Aim of the task
Only the lines from the one bearing "Dar es Salaam" through the end of the listing belong in your response, restated word for word and without pictures.

Data excerpt
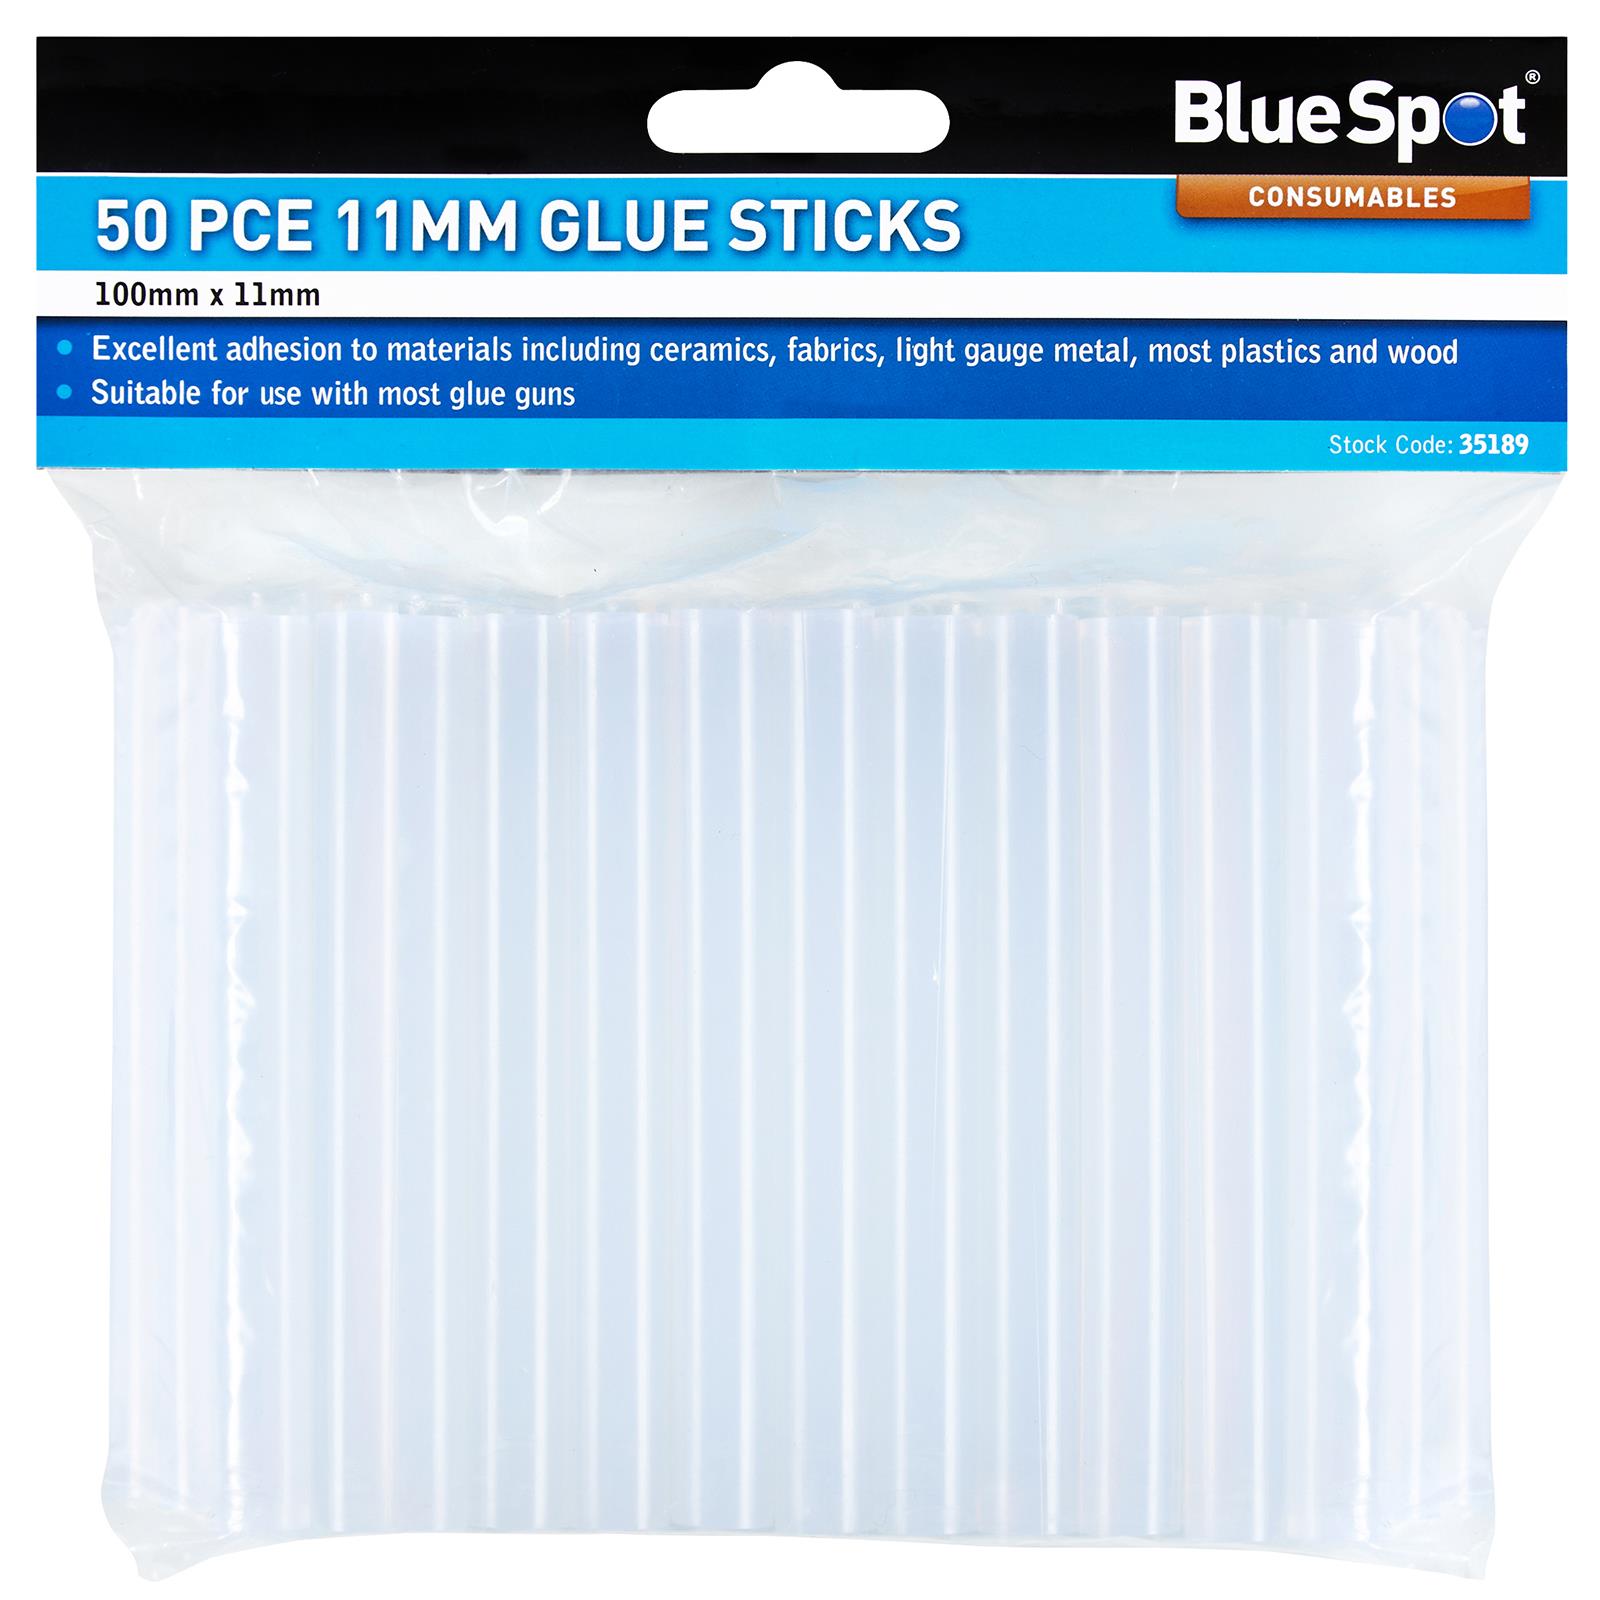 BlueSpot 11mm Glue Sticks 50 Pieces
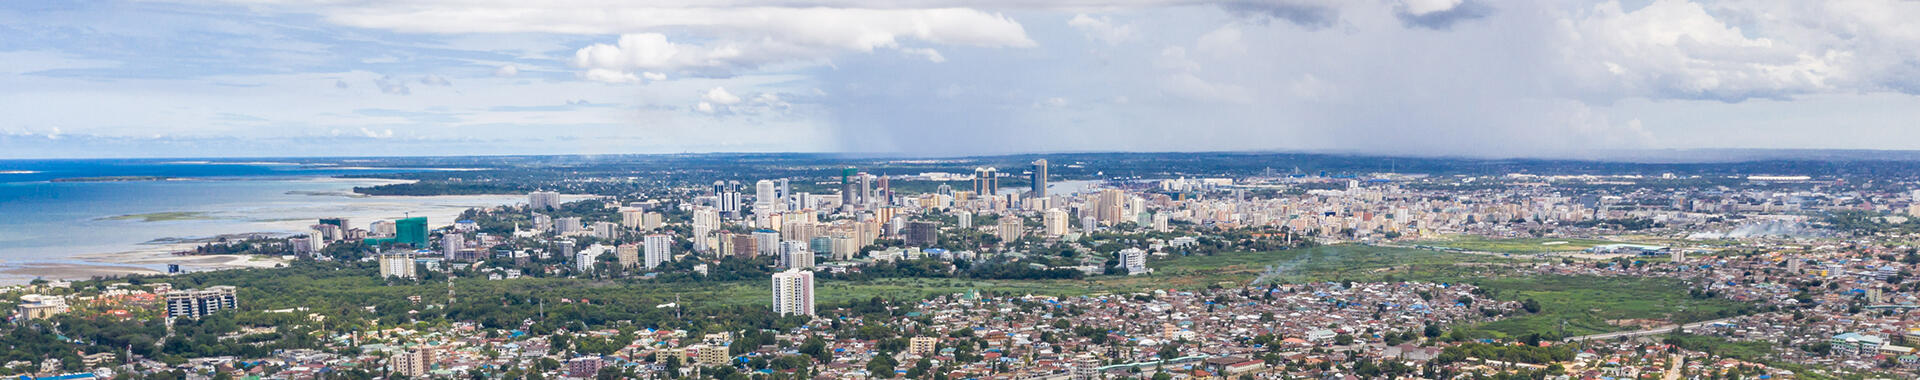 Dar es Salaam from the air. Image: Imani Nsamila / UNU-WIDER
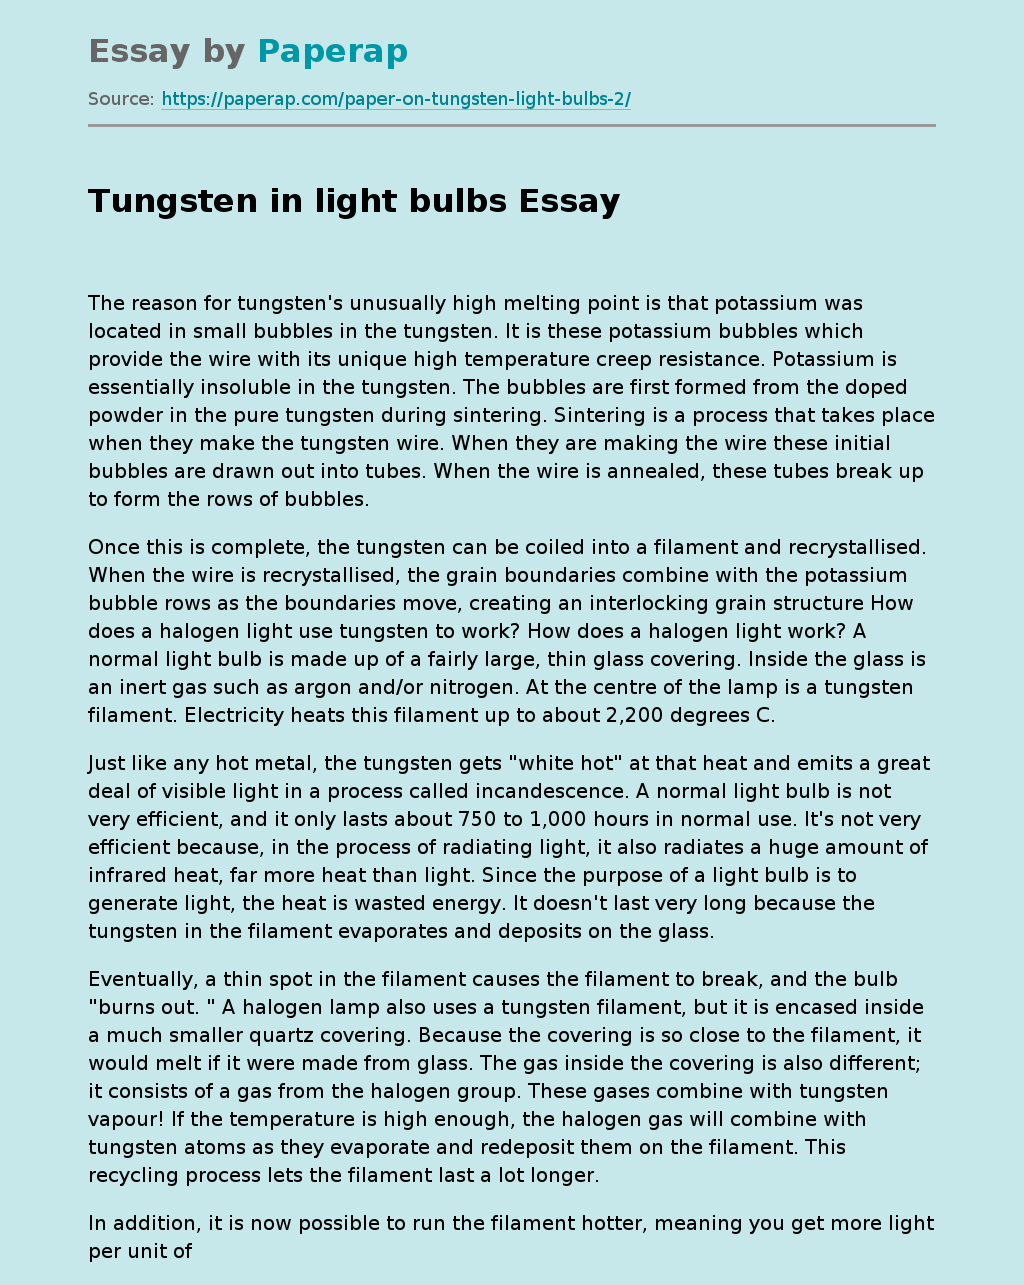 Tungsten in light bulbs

Response area
 Dar es Salaam from the air. Image: Imani Nsamila / UNU-WIDER
 Tungsten in light bulbs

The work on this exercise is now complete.